I have been reading about transcranial approach for a variety of anterior skull base tumors since 1993. It can be supplemented by endoscopic inspection and resection through the resection cavity. Extensive invasion of the maxillary sinus, however, will necessitate a transfacial or degloving approach. If the patient has previously undergone irradiation or surgery, a radial forearm free flap, rather than just a pericranial flap, should be considered for reconstruction. This strategy may obviate the occurrence of postoperative infections.
The authors present their series of eight patients treated for olfactory neuroblastoma with isolated transcranial resections. The traditional approach to these tumors has involved a combined approach using transfacial and transcranial routes. The authors eliminated the facial approach in an attempt to improve postoperative cosmesis by avoiding potentially disfiguring facial incisions. For carefully selected patients, they demonstrated that this approach is feasible and provides an appropriate en bloc oncological resection. The small size of the study prevents significant conclusions about this approach, but it demonstrates that further study and patient accrual are warranted.

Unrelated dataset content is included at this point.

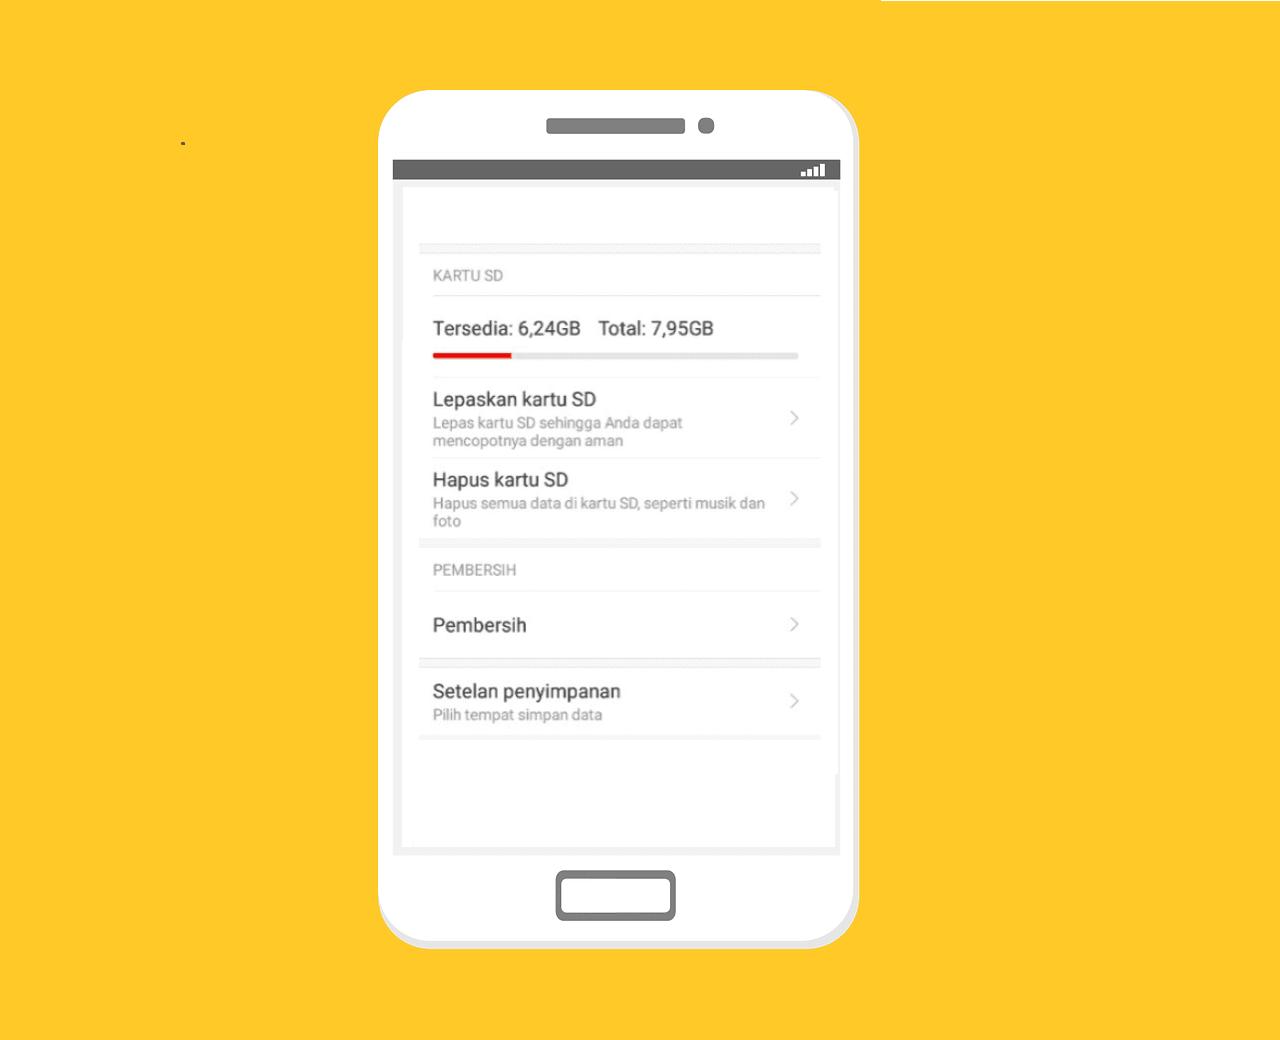 Efeknya kita jadi tak dapat membuka aplikasi tersebut 6 Tutorial Mengatasi WhatsApp Tidak Menanggapi (Android)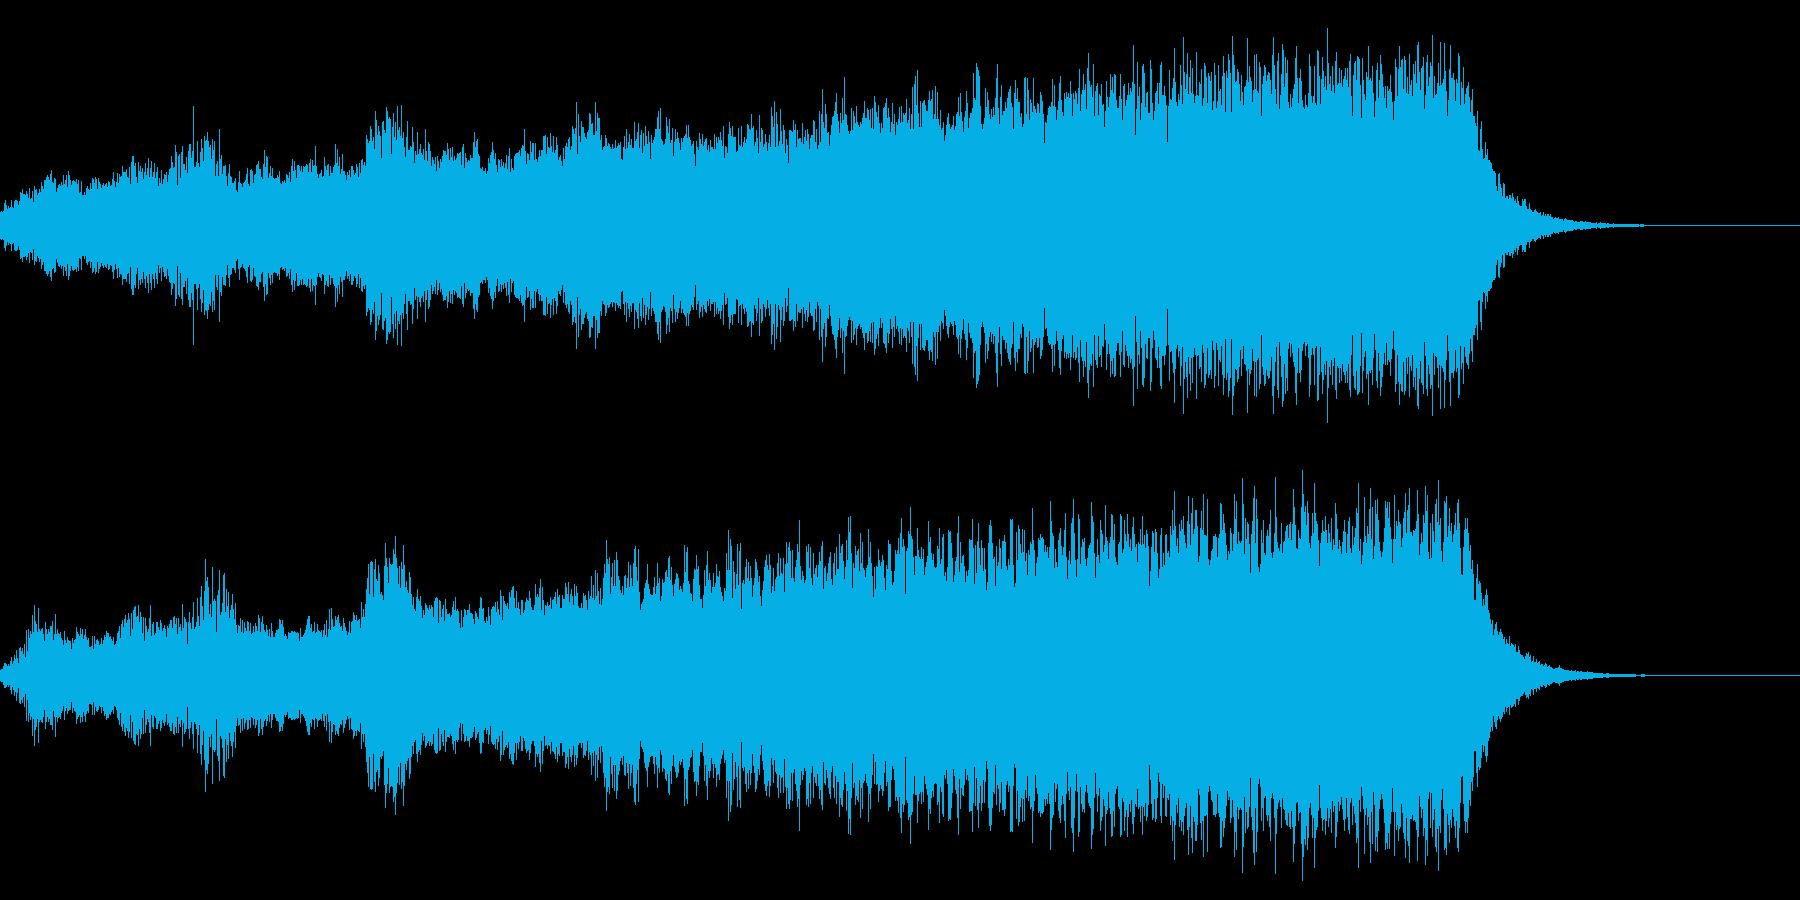 オープニング 華やかなオーケストラ 映画の再生済みの波形

The authors appropriately explain that this approach is limited to tumors that do not extensively involve the orbit, maxillary antrum, nasal floor, or oropharynx. However, in patients with tumors lacking these features, the transcranial approach alone may provide long-term results equivalent to those of the traditional combined transfacial and transcranial approaches, while eliminating potentially disfiguring facial incisions.